MBSE building blocks

Ansys interoperable MBSE building blocks

Advantages of Coupling Ansys’ SPDM Solutions with PLM Systems

While the complexity of designing and building nuclear fusion power plants threatens to extend timelines and delay schedules, time waits for no one. PLM is not enough, even though PLM tools are prevalent, because they were developed with a focus on computer-aided design (CAD), not simulation. Enterprises that recognize the power of simulation are not maximizing their potential because they rely on legacy PLM systems. That’s why the fundamental need to stay ahead now requires a fundamental change in how engineered systems are designed, developed, tested, and maintained. It is undesirable for an enterprise to find itself in a position where its success may be impaired, cost overruns are commonplace, and the performance of the system is less than what it should be.

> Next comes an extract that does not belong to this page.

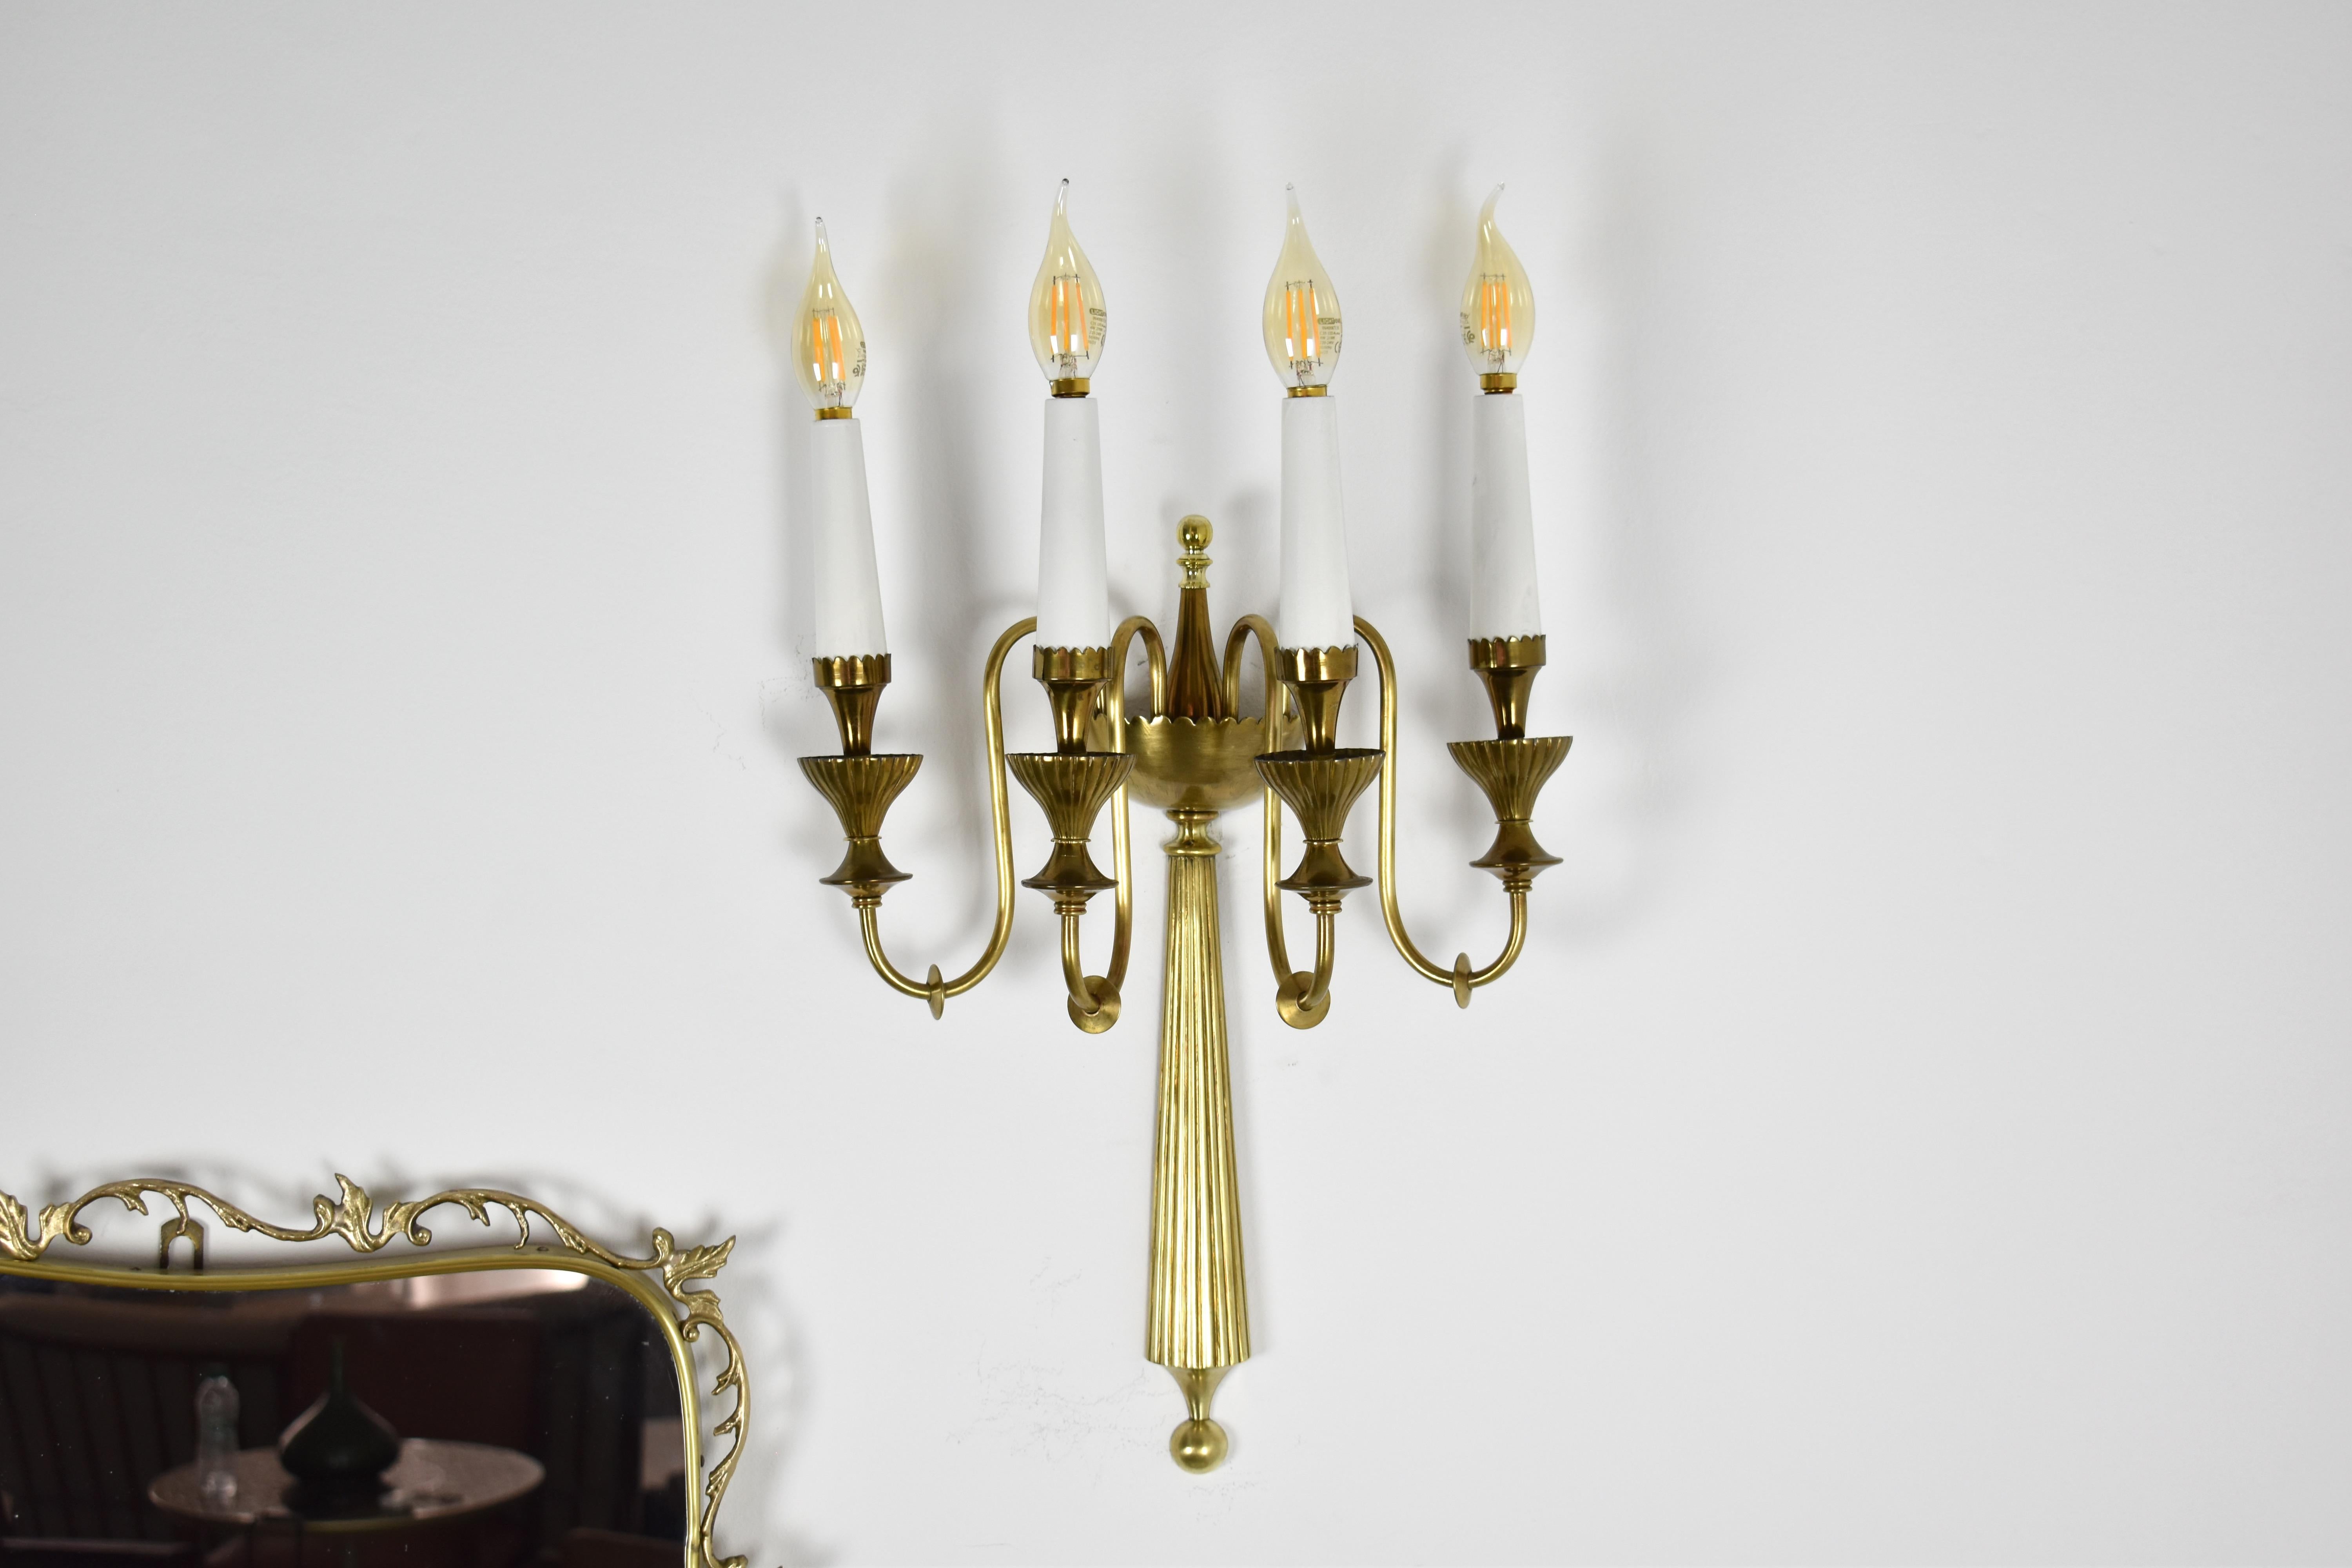 Pair of Four-Light Italian Brass Candelabra Sconces, 1940s In Good Condition For Sale In Paris, FR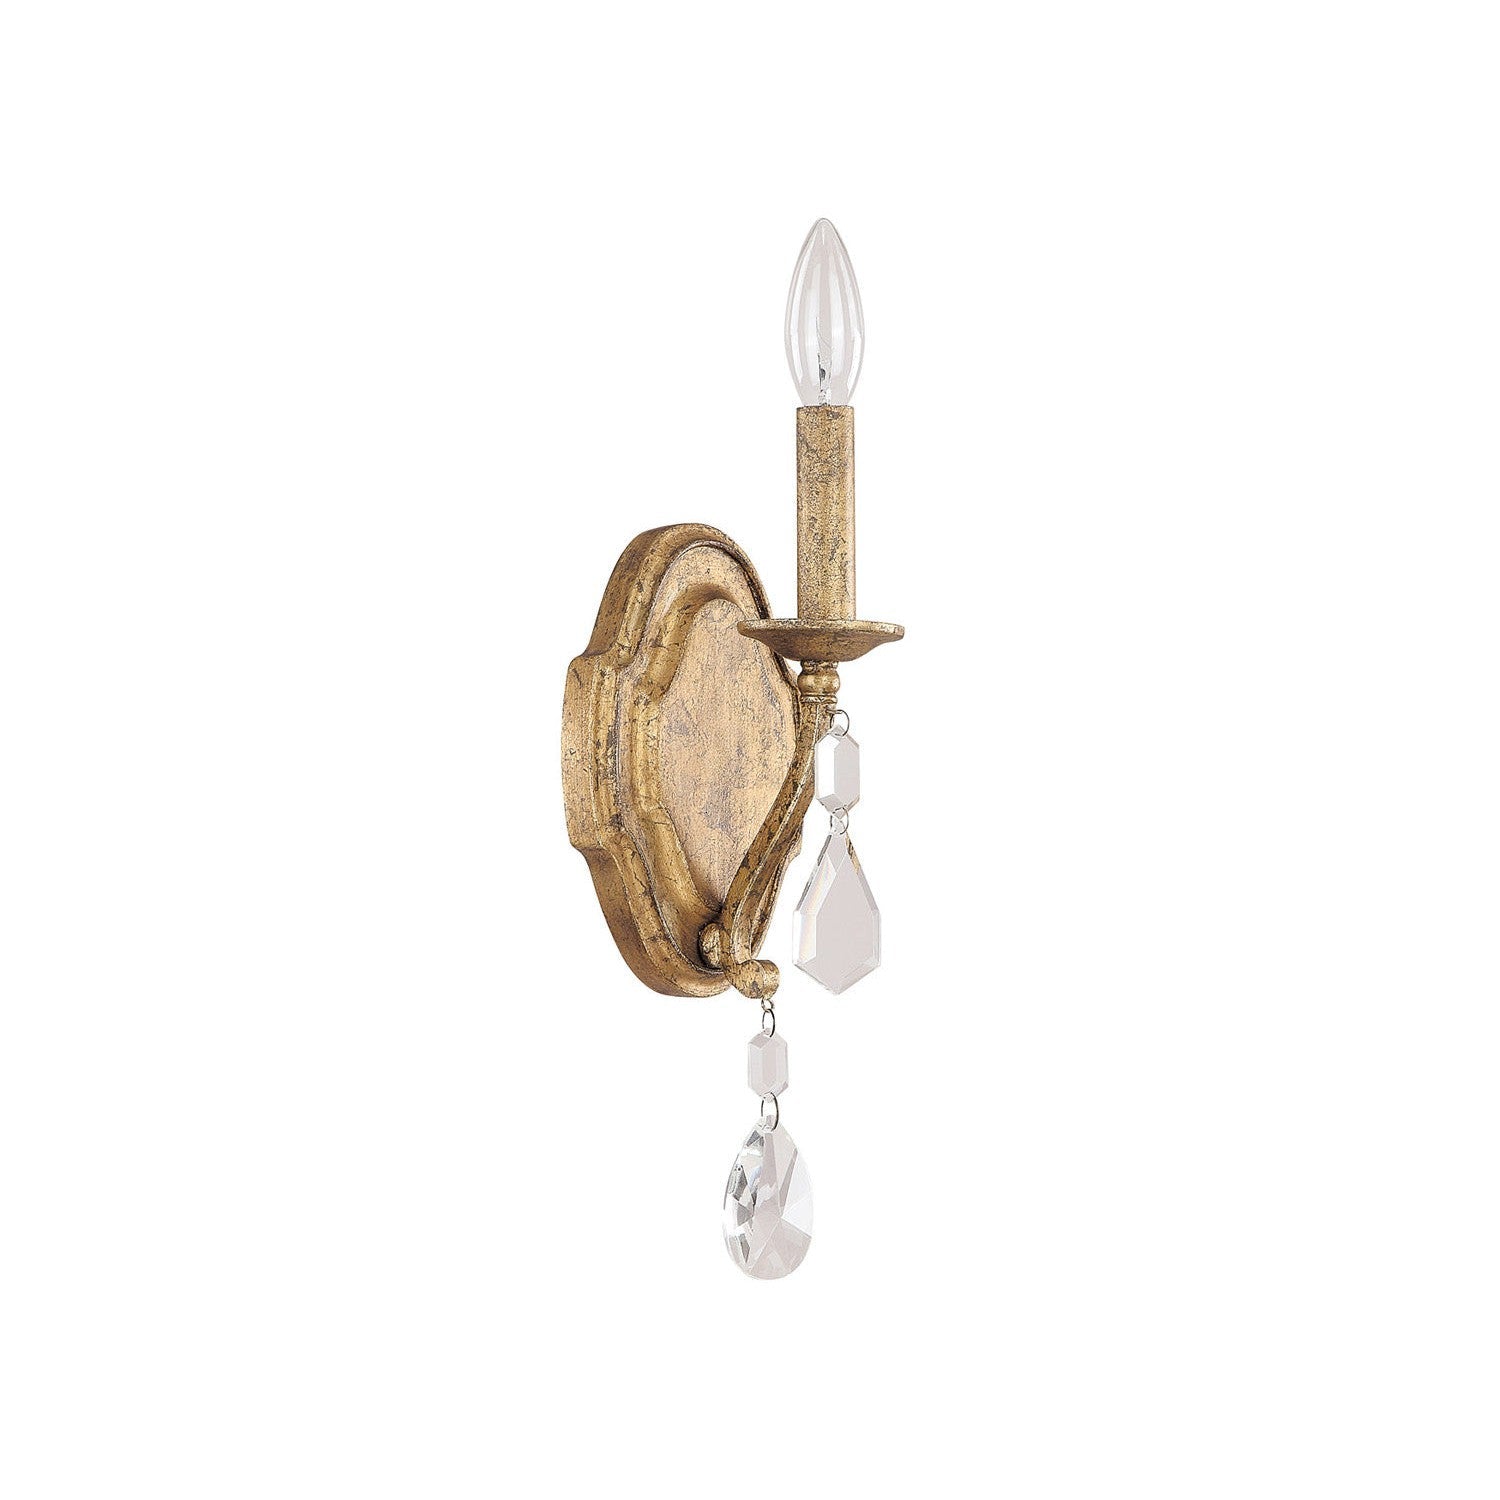 Capital Blakely 1616AG-CR Wall Sconce Light - Antique Gold

AI Advances Fusion Innovation 

Digital engineering ecosystem

Digital engineering ecosystem

Integrating comprehensive tool suites with artificial intelligence and machine learning (AI/ML) and digital twins makes innovation more accessible, enabling optimized design throughout the plant life cycle. Combining physics-based simulation with AI-driven analytics and generative design empowers researchers to explore more design possibilities smarter and faster than ever. In addition, Ansys AI tools were designed for ease of use, no coding or data science expertise required. Users simply upload their data, select desired outputs, and use generative AI models to improve the design. This empowers plant designers to explore complex design spaces intelligently, efficiently, and quickly, even without having deep AI experience.  

System Safety, Reliability, and Software Development

Ansys enables model-based safety and reliability analysis capabilities to various safety domains with Ansys medini analyze system-oriented safety analysis software. Ansys also supports model-based development of embedded safety-critical software applications, with consideration for efficiency and qualification standards across different domains, including nuclear instrumentation and controls.

System safety reliability software development

System safety and reliability software development

Investing in the Future of Fusion

Public and private companies around the world have invested in fusion research and are demonstrating that fusion is increasingly within reach. Collaboration across academia, national laboratories, and private industry accelerates progress and reduces duplication of effort. In this context, simulation serves as a bridge between theory, experimentation, and practical engineering solutions.

Despite significant advances, engineering hurdles, material limitations, and the need for integrated system testing, fusion remains a long-term endeavor. However, simulation helps overcome these obstacles efficiently. Virtual prototyping, risk assessment, and system optimization enable engineers to make informed decisions, prioritize experimental validation, and focus resources on the most promising approaches.

The race toward establishing nuclear fusion power plants to be practical and commercially viable is as much an engineering challenge as it is a scientific one. While plasma physics and reactor concepts capture headlines, real progress often comes from the meticulous work of modeling, simulation, and design refinement. Simulation enables engineers to explore extreme conditions safely, optimize complex systems, and accelerate innovation in ways that were previously unimaginable. Ansys digital engineering solutions enable seamless workflows, driving operational excellence, reducing uncertainty and cost, and ensuring compliance with stringent safety standards. We help de-risk complex projects and fast-track the development of advanced technologies, empowering customers to scale confidently in safety-critical environments.